* Work request: Reproduce the entries below exactly, but only from the line containing "Weight: 3.55 Carats" to the line containing "Aquamarine is a", inclusive.

* Data for the task:
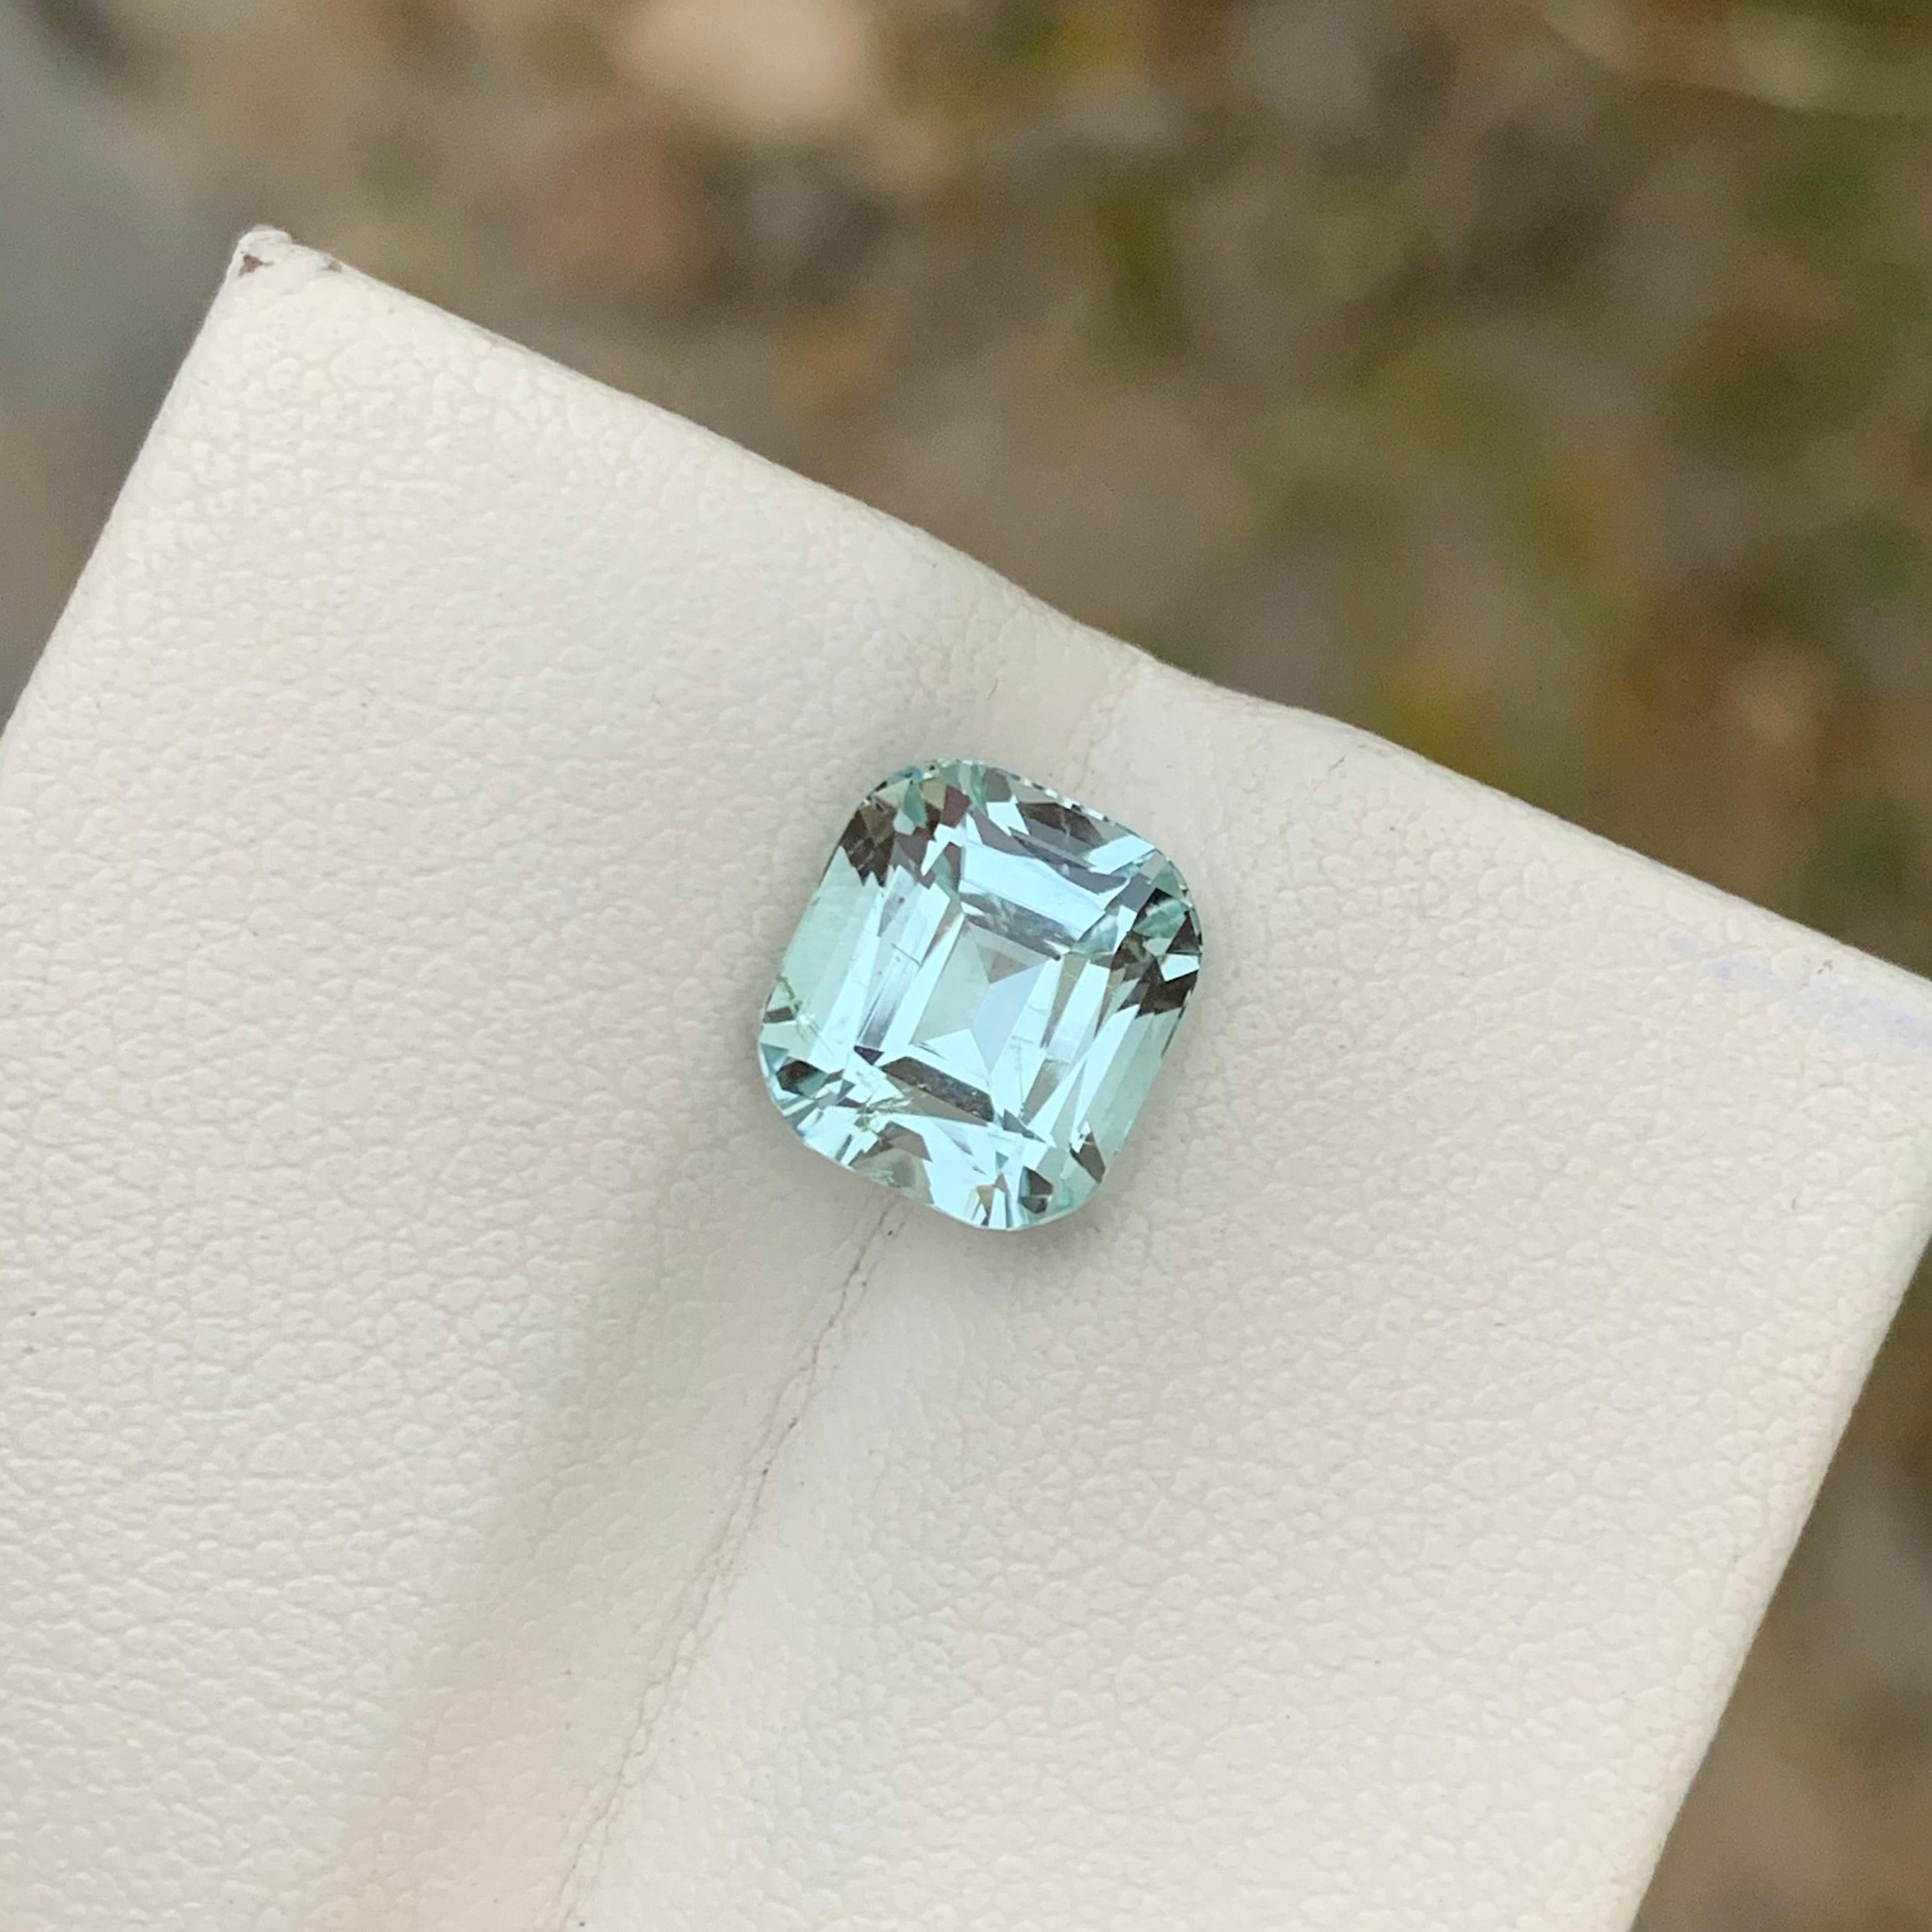 Facet Aquamarine 
Weight: 3.55 Carats 
Dimension: 9x8.1x7 Mm
Origin: Shigar Valley Pakistan 
Shape: Cushion
Color: Light Blue
Treatment: Non
Quality: SI
Aquamarine is a captivating gemstone known for its mesmerizing blue-green hues reminiscent of
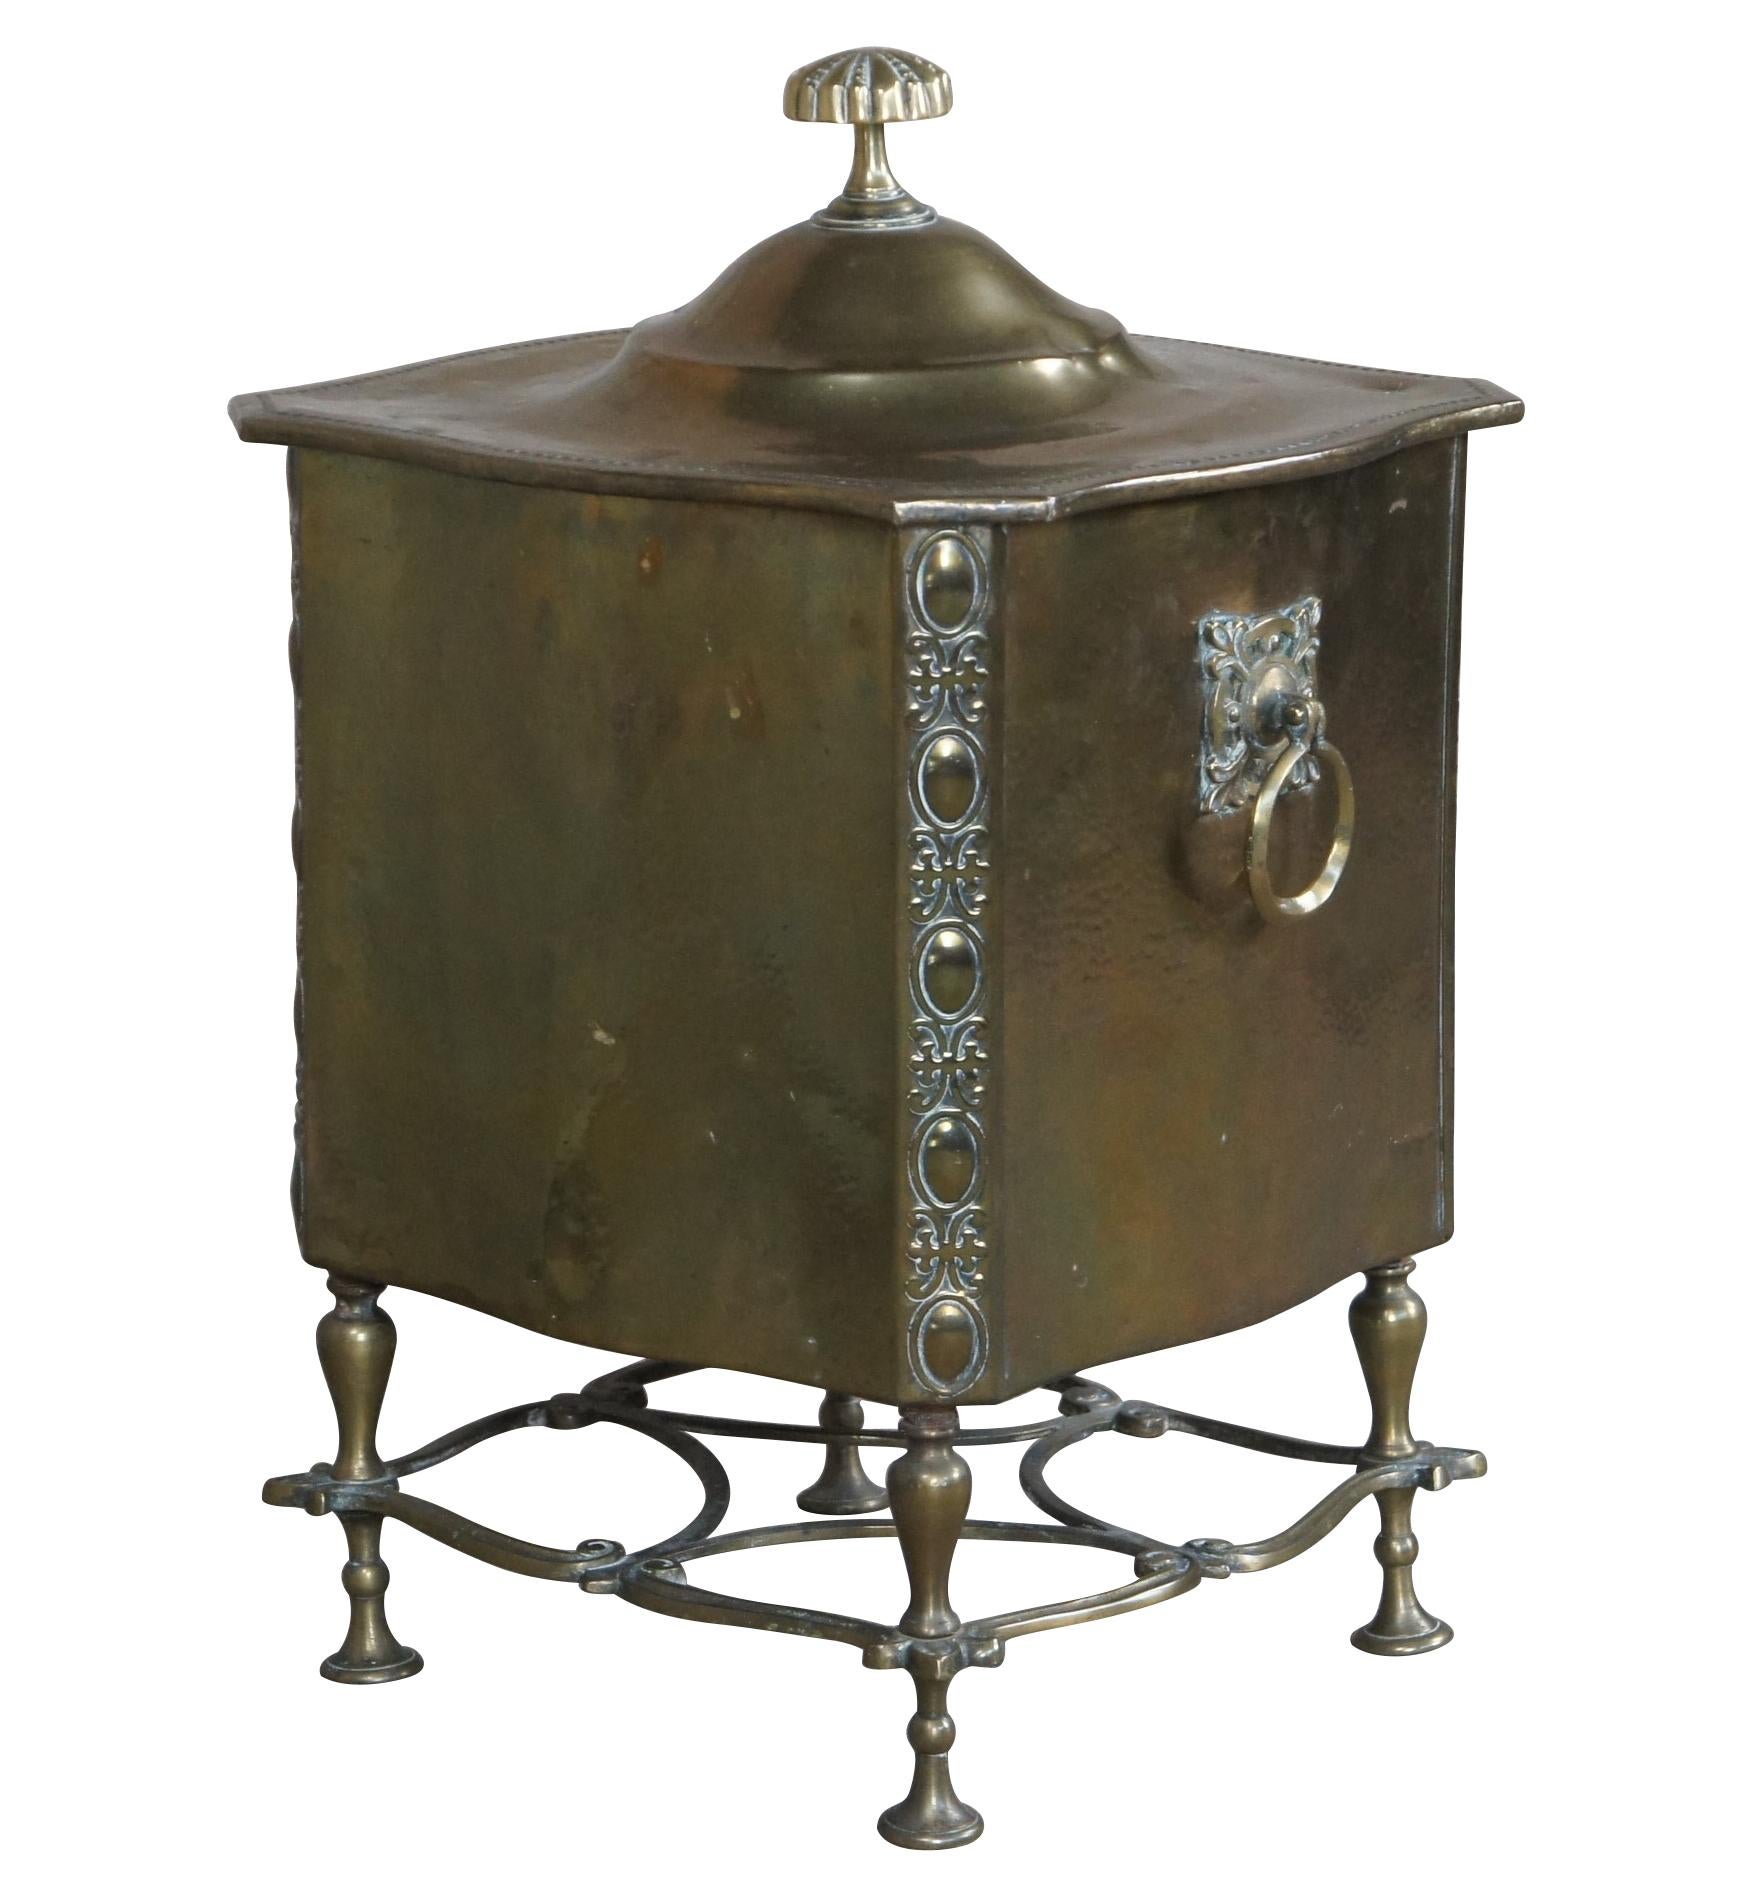 An ornate brass fireside bin.  Featuers a hammered finish with baroque motifs, knocker handles and trumpet footed base with diamond patterned trestle.  Could be used as a trash can, tobacco box or planter.  
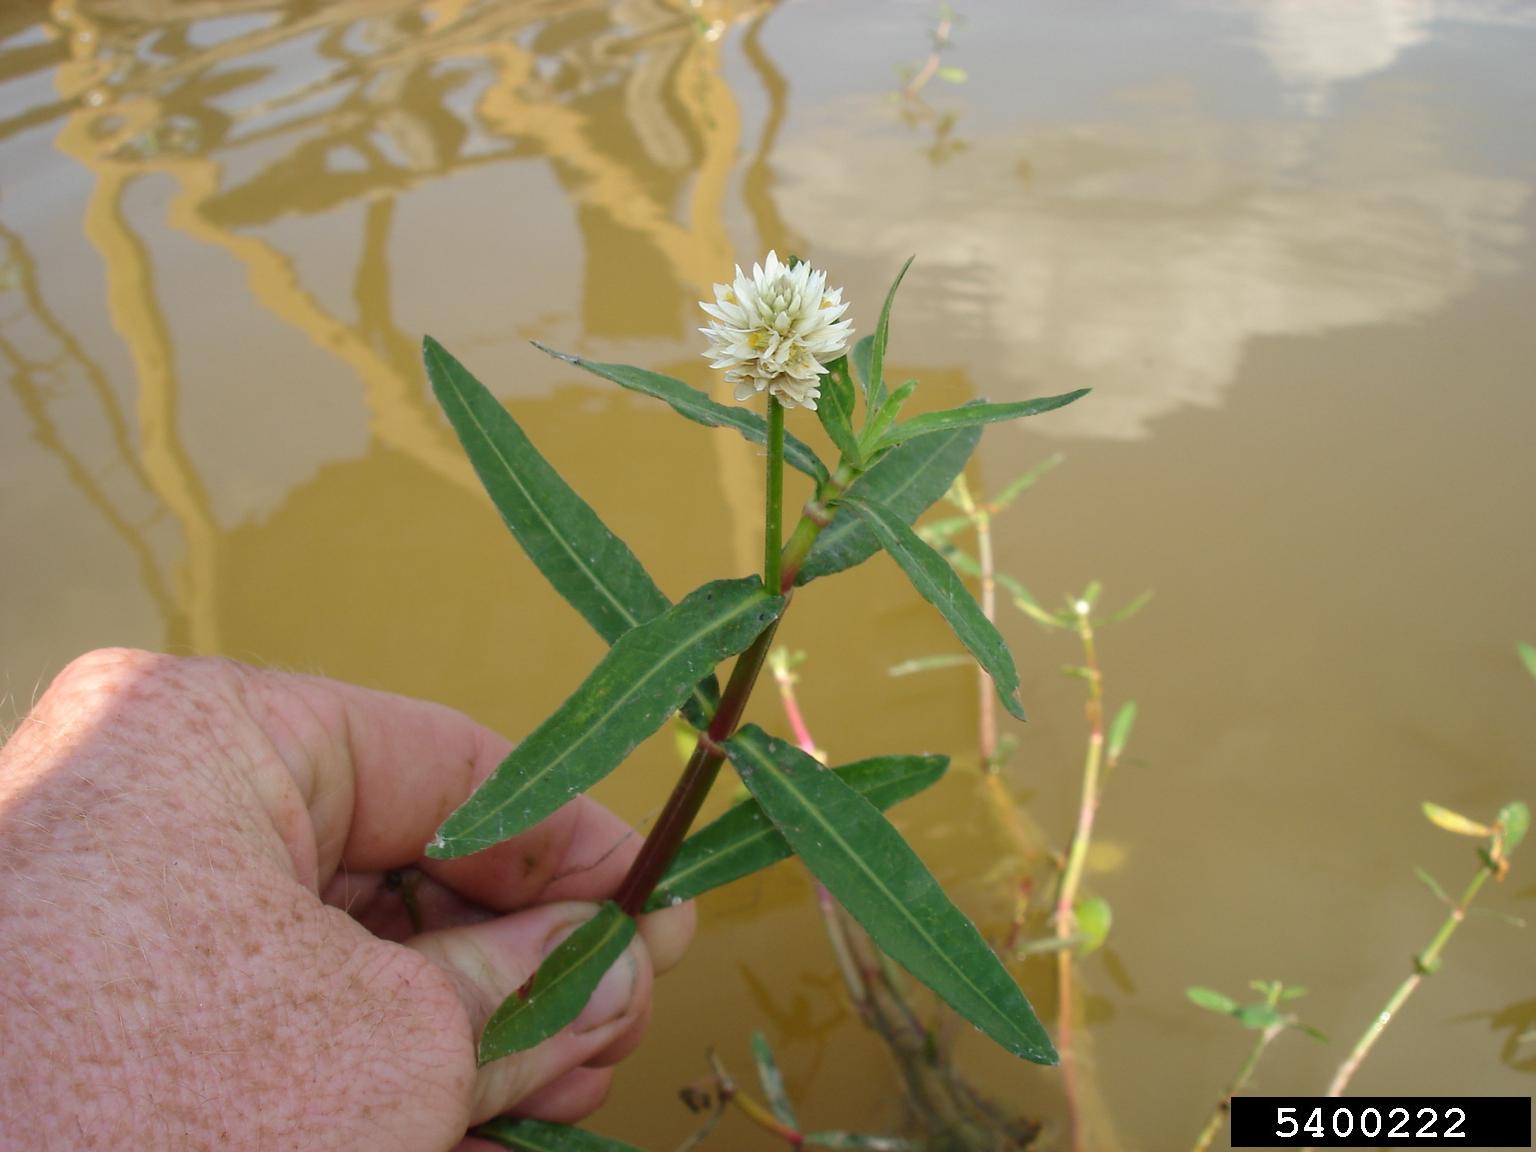 Flowering plant showing typical aquatic growing conditions.

* Written answer:
Weight: 3.55 Carats 
Dimension: 9x8.1x7 Mm
Origin: Shigar Valley Pakistan 
Shape: Cushion
Color: Light Blue
Treatment: Non
Quality: SI
Aquamarine is a captivating gemstone known for its mesmerizing blue-green hues reminiscent of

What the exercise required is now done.